The Chinese government is employing a unique strategy to reduce the threat of terrorism in its historically unstable Tibet and Xinjiang autonomous regions. By providing new jobs and better housing, the government has managed to quell the threat of separatism.
by Caleb T. Maupin
Part 5 - Jobs, not Drones
In the wake of the 9/11 terror attack, the U.S invaded Iraq, a country that had nothing to with the attacks. The country’s “shock and awe” bombing campaign destroyed much of the country’s infrastructure, including power plants and roads. Even years after the invasion, many Iraqis still do not have electricity or must depend on electricity that is imported from Iran.
Despite being waged on the basis of combating terrorism, the invasion has turned Iraq into a hotbed of extremism. Sections of Iraq are currently under the thumb of Daesh terrorists. Al-Qaeda also has a presence in the country. The toppling of the Baath Arab Socialist Party seems to have strengthened terrorism in Iraq and other parts of the world instead of reducing it.
Iraq is not alone in this regard. The U.S. is currently engaged in military operations in Iraq, Yemen, Pakistan, Somalia, Sudan, Syria and Afghanistan. These operations typically consist of drone strikes and bombing campaigns directed against alleged terrorists.

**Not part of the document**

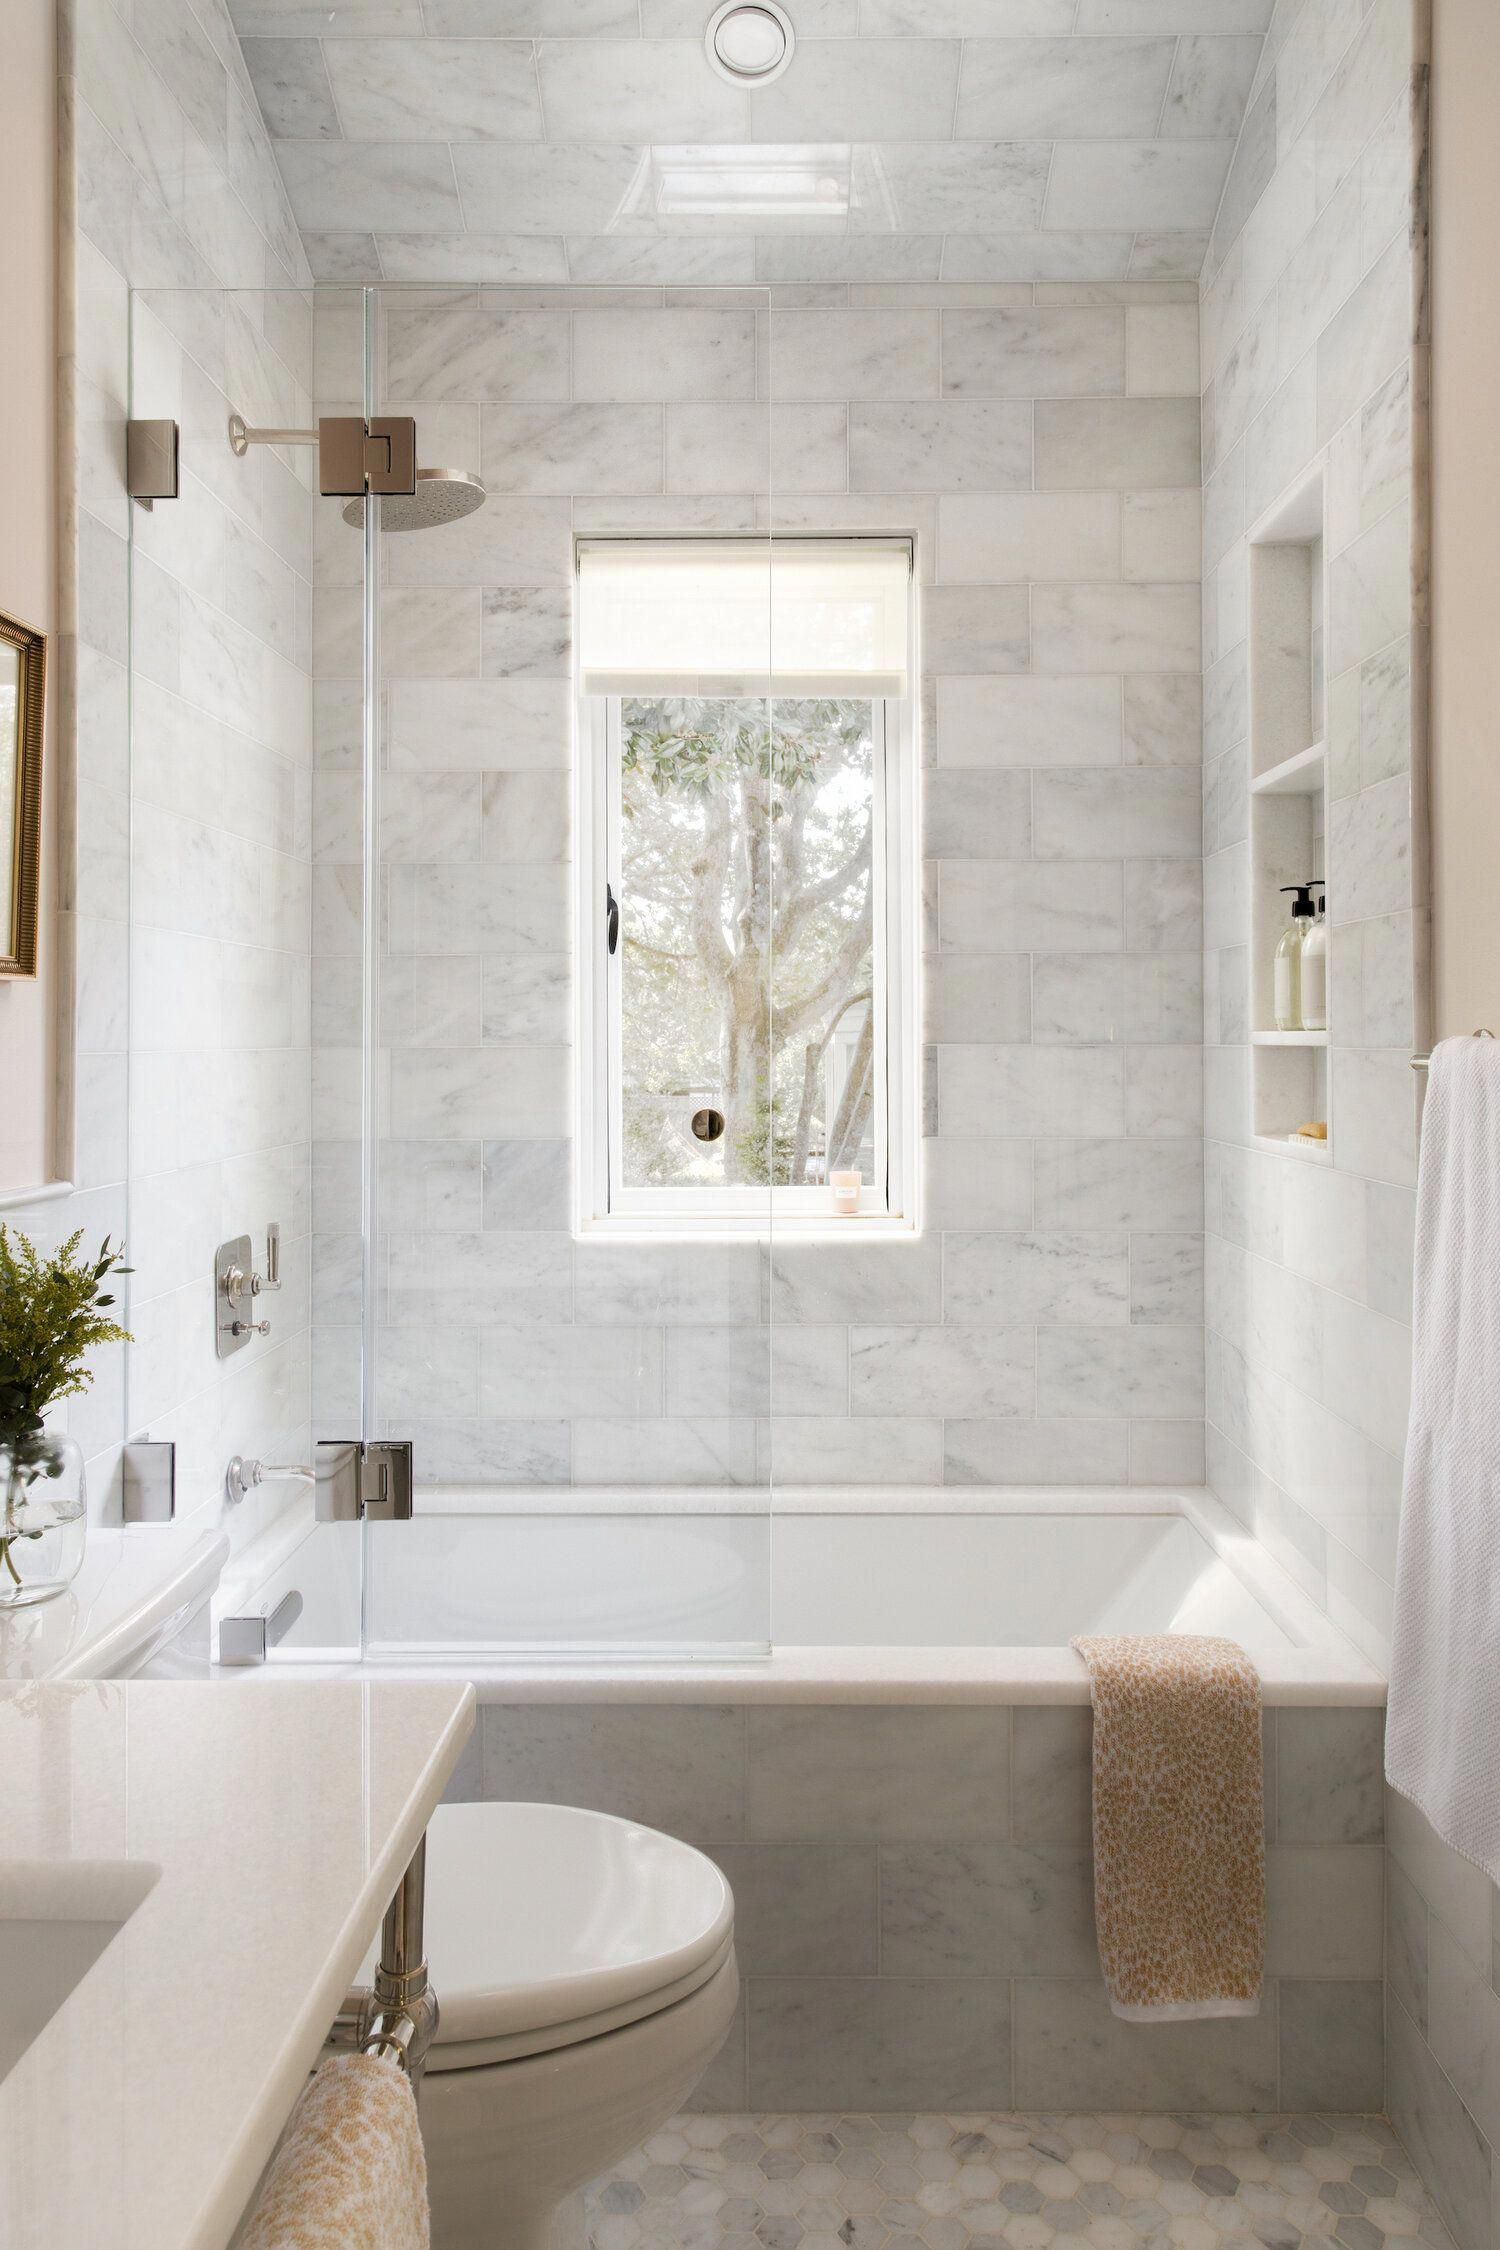 Shabby Chic Home Decor For Sale Renovation In 2020 Small Bathroom Remodel Bathroom Design Bathroom Inspiration Modern

But after years of drone strikes, regime changes and other anti-terror efforts from the Pentagon, none of these countries appear to be more stable. In fact, many have them have seen unrest and civil strife increase in the wake of U.S. efforts to eliminate terrorism. The presence and strength of terrorist groups seems to have expanded since the dawn of the U.S. war on terror.
China, on the other hand, seems to have had the opposite experience. Its two most unstable and terror-ridden regions are now more stable than ever before, and all without the expense and destruction that drone strikes and bombing raids inflict.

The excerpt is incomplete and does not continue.